Guotao Li

LG
h-index16
3papers
37citations
Novelty52%
AI Score30

3 Papers

LGDec 7, 2023
MICRO: Model-Based Offline Reinforcement Learning with a Conservative Bellman Operator

Xiao-Yin Liu, Xiao-Hu Zhou, Guotao Li et al.

Offline reinforcement learning (RL) faces a significant challenge of distribution shift. Model-free offline RL penalizes the Q value for out-of-distribution (OOD) data or constrains the policy closed to the behavior policy to tackle this problem, but this inhibits the exploration of the OOD region. Model-based offline RL, which uses the trained environment model to generate more OOD data and performs conservative policy optimization within that model, has become an effective method for this problem. However, the current model-based algorithms rarely consider agent robustness when incorporating conservatism into policy. Therefore, the new model-based offline algorithm with a conservative Bellman operator (MICRO) is proposed. This method trades off performance and robustness via introducing the robust Bellman operator into the algorithm. Compared with previous model-based algorithms with robust adversarial models, MICRO can significantly reduce the computation cost by only choosing the minimal Q value in the state uncertainty set. Extensive experiments demonstrate that MICRO outperforms prior RL algorithms in offline RL benchmark and is considerably robust to adversarial perturbations.

SPApr 19, 2024
A Weight-aware-based Multi-source Unsupervised Domain Adaptation Method for Human Motion Intention Recognition

Xiao-Yin Liu, Guotao Li, Xiao-Hu Zhou et al.

Accurate recognition of human motion intention (HMI) is beneficial for exoskeleton robots to improve the wearing comfort level and achieve natural human-robot interaction. A classifier trained on labeled source subjects (domains) performs poorly on unlabeled target subject since the difference in individual motor characteristics. The unsupervised domain adaptation (UDA) method has become an effective way to this problem. However, the labeled data are collected from multiple source subjects that might be different not only from the target subject but also from each other. The current UDA methods for HMI recognition ignore the difference between each source subject, which reduces the classification accuracy. Therefore, this paper considers the differences between source subjects and develops a novel theory and algorithm for UDA to recognize HMI, where the margin disparity discrepancy (MDD) is extended to multi-source UDA theory and a novel weight-aware-based multi-source UDA algorithm (WMDD) is proposed. The source domain weight, which can be adjusted adaptively by the MDD between each source subject and target subject, is incorporated into UDA to measure the differences between source subjects. The developed multi-source UDA theory is theoretical and the generalization error on target subject is guaranteed. The theory can be transformed into an optimization problem for UDA, successfully bridging the gap between theory and algorithm. Moreover, a lightweight network is employed to guarantee the real-time of classification and the adversarial learning between feature generator and ensemble classifiers is utilized to further improve the generalization ability. The extensive experiments verify theoretical analysis and show that WMDD outperforms previous UDA methods on HMI recognition tasks.

LGDec 30, 2024
LEASE: Offline Preference-based Reinforcement Learning with High Sample Efficiency

Xiao-Yin Liu, Guotao Li, Xiao-Hu Zhou et al.

Offline preference-based reinforcement learning (PbRL) provides an effective way to overcome the challenges of designing reward and the high costs of online interaction.
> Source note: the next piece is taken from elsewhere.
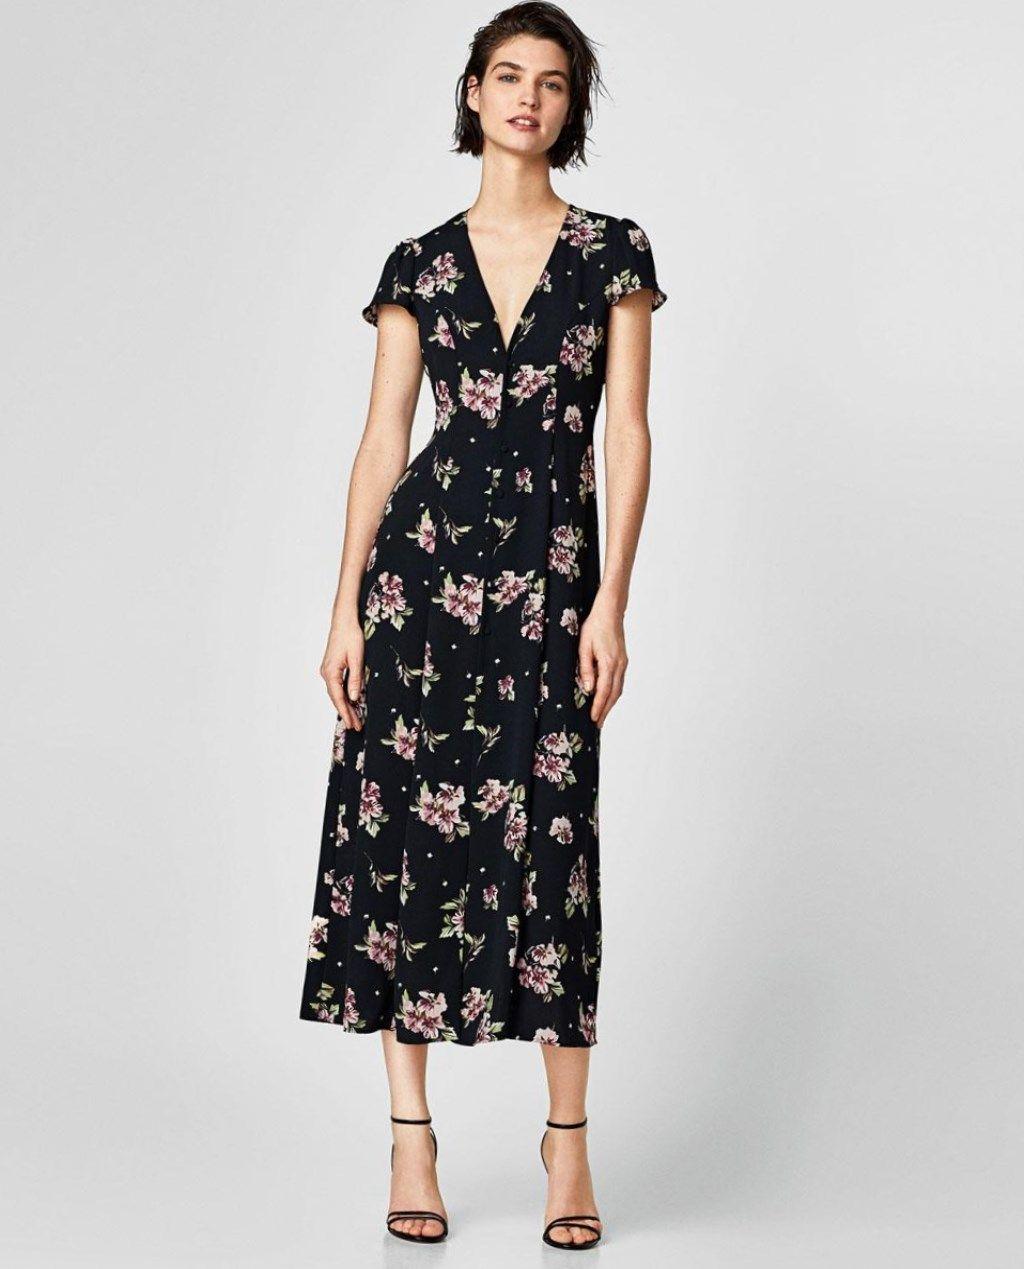 Beste Blumenbrautjungfern Kleid Galerie - Hochzeit Kleid Stile Ideen ...
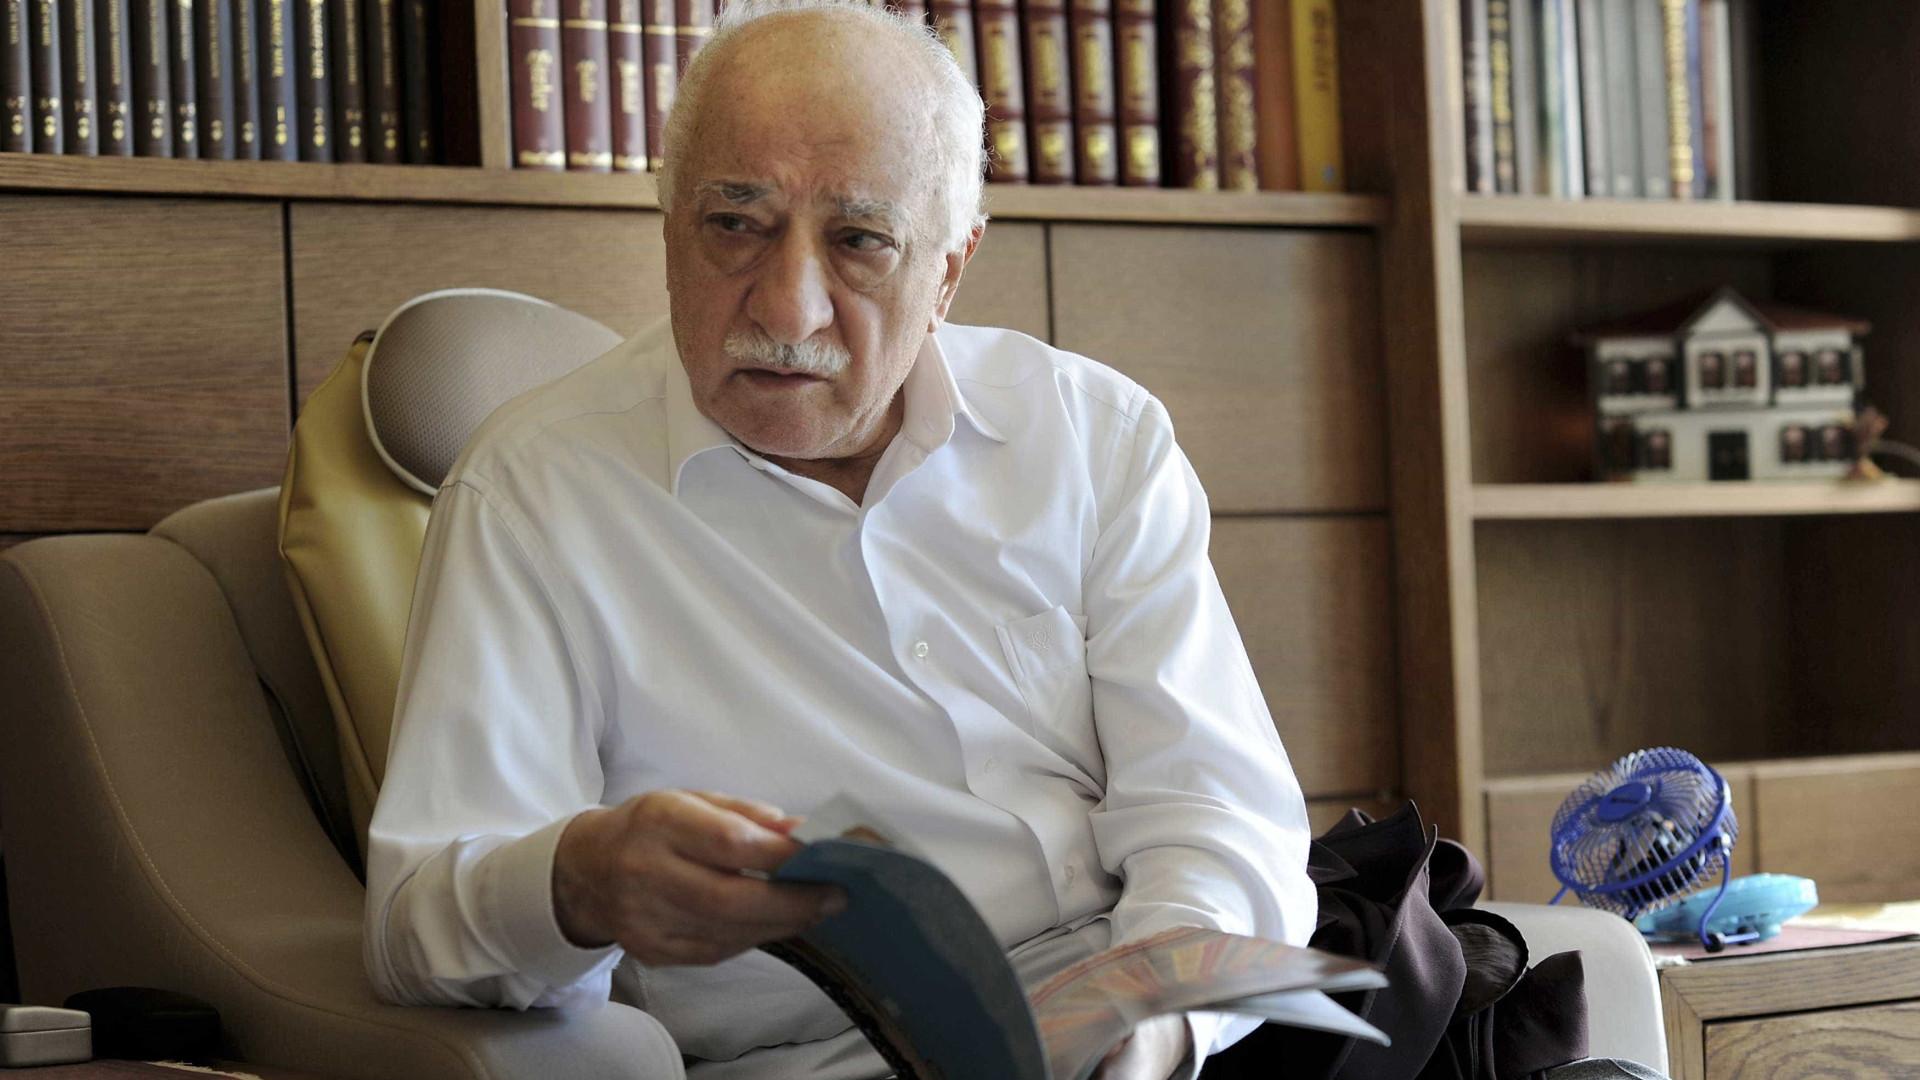 República Centro-Africana é exceção e mantém escola de Fethullah Gülen

However, since labeling preference needs real-time human feedback, acquiring sufficient preference labels is challenging. To solve this, this paper proposes a offLine prEference-bAsed RL with high Sample Efficiency (LEASE) algorithm, where a learned transition model is leveraged to generate unlabeled preference data. Considering the pretrained reward model may generate incorrect labels for unlabeled data, we design an uncertainty-aware mechanism to ensure the performance of reward model, where only high confidence and low variance data are selected. Moreover, we provide the generalization bound of reward model to analyze the factors influencing reward accuracy, and demonstrate that the policy learned by LEASE has theoretical improvement guarantee. The developed theory is based on state-action pair, which can be easily combined with other offline algorithms. The experimental results show that LEASE can achieve comparable performance to baseline under fewer preference data without online interaction.